指先から金色の魔力が体の中を流れ、次第にカオウの足のしびれが消えていった。
「なんだよツバキ。俺、何かした?」
床に胡座をかいて非難がましい目で見上げると、ツバキは頬を染めて顔をぷいっとそらした。
何してたっけと思い返す。
(寝てただけだよなあ。……そういえば夢にツバキ出てきて…………。まさか)
やけに生生しい夢だった。カオウは恥ずかしくなり手の甲で唇を押さえる。
「あれ……夢じゃない?」
「知らない!」
ツバキはぷんすか怒ってソファへ勢いよく腰掛けた。
(やばい可愛い)
カオウも隣へ座り、ツバキの袖を引く。
「不可抗力だし仕方ないだろ」
「もういいから!」
ツバキはそっぽを向いたままカオウの手を振りほどく。
これは本当に怒ってると感じ、もう少しからかいたい気持ちを仕舞った。
「そういえば能力操れるようになったんだな。いつから?」
「え……気づいたら、かな」
そう答える横顔がわずかに強張り、カオウは訝しむ。
「何かあった?」
「別に何もないわ」
「そういえば俺がいない間、何があったのか聞いてないけど」
「ただ公務してただけよ」
じっとツバキを凝視する。長年一緒にいるのだから、彼女が何か隠していることなどすぐにわかる。
(今まで秘密なんてなかったのに)
嫌な予感がしてツバキの肩を掴んだとき、扉をノックする音がした。
侍女が答えるとトキツとギジーが入ってくる。
「カオウ、今から武器市場行くんだけど一緒に行くか?」
「え! 行きたい!」
カオウは勢いよく立ち上がった。ほっとした顔のツバキを視界の隅に捉え、もやもやした気持ちと共に部屋を出た。

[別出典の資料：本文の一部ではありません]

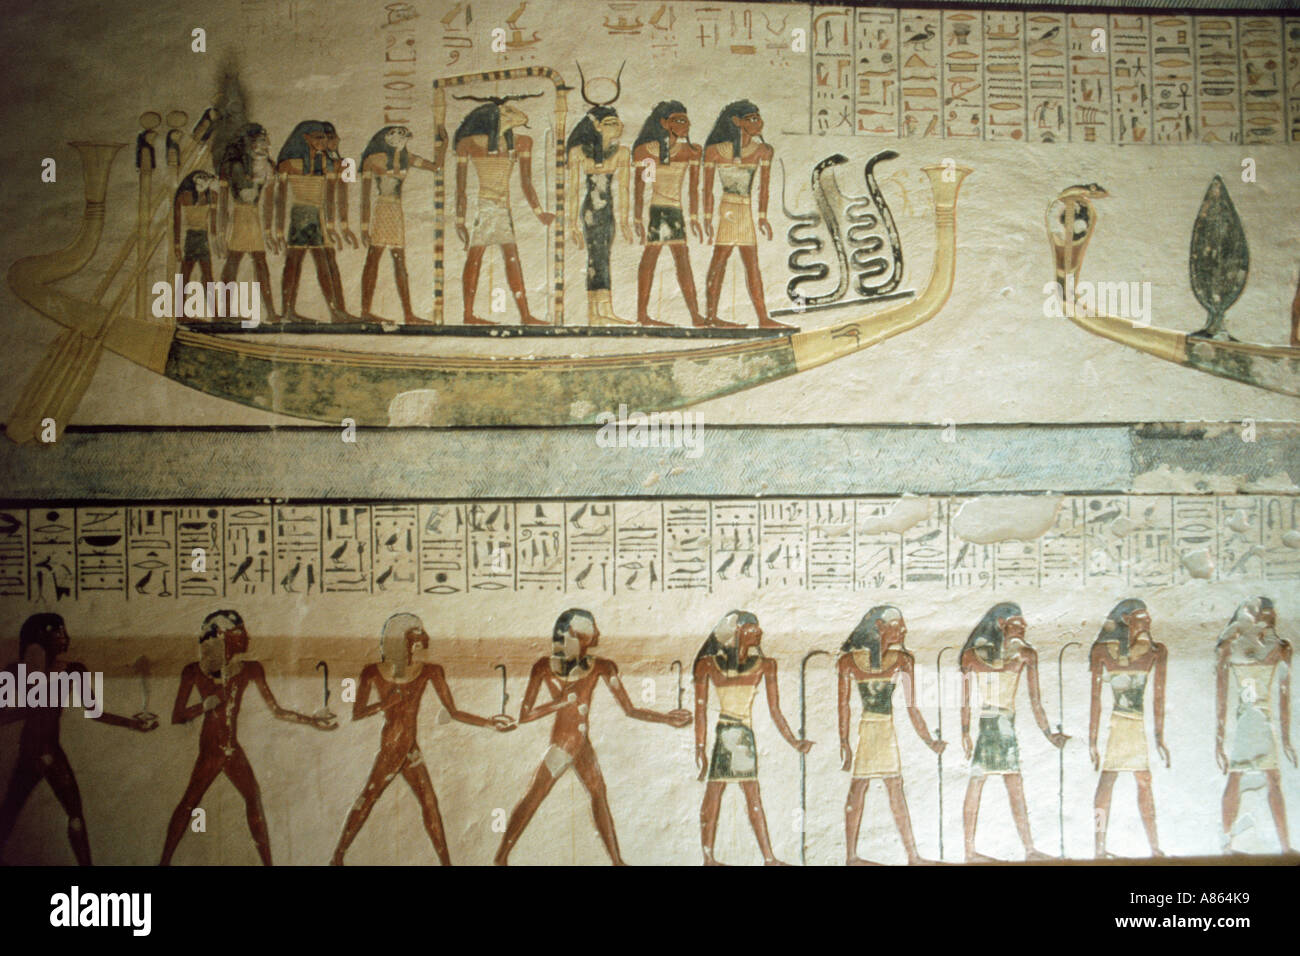 Mur décoré de figures et d'hiéroglyphes inscrits dans la tombe de Ramsès IX à la Vallée des Rois à Louxor Egypte Banque D'Images

カオウがいなくなるのを見計らったように、続いて女官が入室する。
「セイレティア様。陛下がお呼びです」
ツバキは気まずさが増すのを感じた。わざわざカオウを遠ざけてから呼びに来たところを見ると、彼に知られたくない話をするのだろう。
女官に従って皇帝の執務室へ行くと、予想通り兄は開口一番にこう言った。
「良い話と悪い話、どちらから聞きたい?」
ツバキは深い深いため息をついた。